What do I miss really when I hear Tracey Thorn’s voice on those two songs? A lack of responsibility perhaps? The perception of the world as an endlessly large place, filled with rain and buildings and people losing each other but perhaps potentially also finding each other once again? As soon as either ‘Missing’ or ‘Protection’ find their way to me, I have to stop, reflect and maybe travel within. Thorn’s voice allows me to go back; a dangerous action perhaps due to seeing the world not really as it was. But on the other hand, I use it in moments of instability, a sense of grounding from a time where everything seemed stable; always fixed and secure like all events of the past inevitably are, for better or for worse.

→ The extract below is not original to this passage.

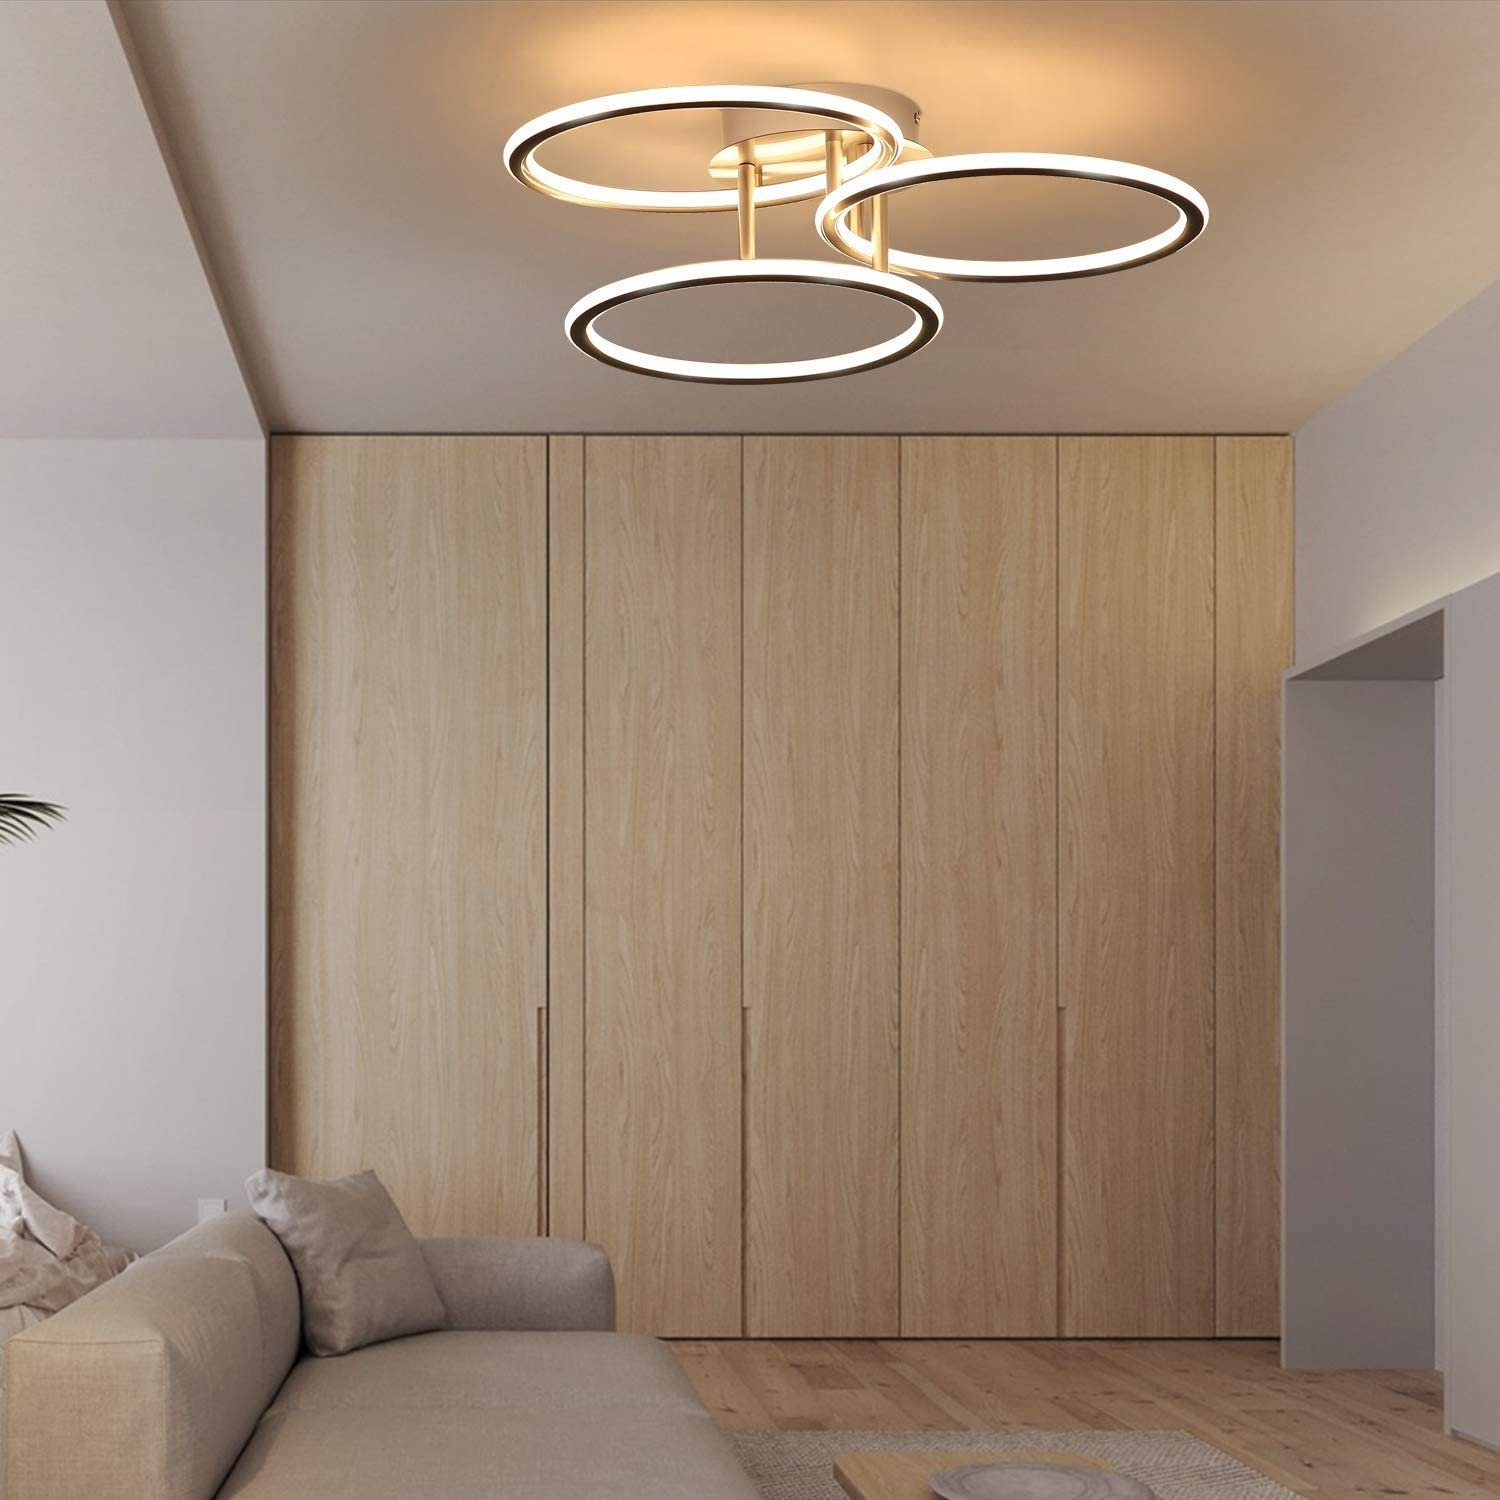 Design fest Deckenleuchte Ringe LED 3000K, LED Licht warmweiß, ZMH integriert Warmweiß Deckenleuchte

I revisited Balham again recently, armed with my own nostalgia machine; a Polaroid camera borrowed from the photographer and friend, Ellen Rogers. The camera captures places within a typically analogue amber even when they are vibrantly and aesthetically of the now. I walked to the train station, as seen in the video from Balham High Road. Appropriately the architecture hasn’t changed in the slightest bar the excess of new brands all around. If visited at night, it wouldn’t be too surprising to see Thorn herself; such is its visual stasis, like a ghost wandering back to me from the past. I snapped a Polaroid, the colours flattening the garish colours of the modern day momentarily back into the grungier tense from the video.

Thorn’s voice in those songs is my childhood regained; a Madeleine moment of the 1990s much like the French delicacy was for Marcel Proust when writing In Search Of Lost Time. It lets memories gush forth, dammed for so many years by the banalities of everyday survival as an adult in an impossibly expensive era of urban living. On that Balham road,  there was a realisation that her voice was not simply a stunning musical entity but a gateway to a past world for me that was once home, like a nostalgic womb; where the modern day recedes some way over the horizon, just for a few wonderful minutes. It is always more than I can ever ask for as I am the adult now. But I still miss you.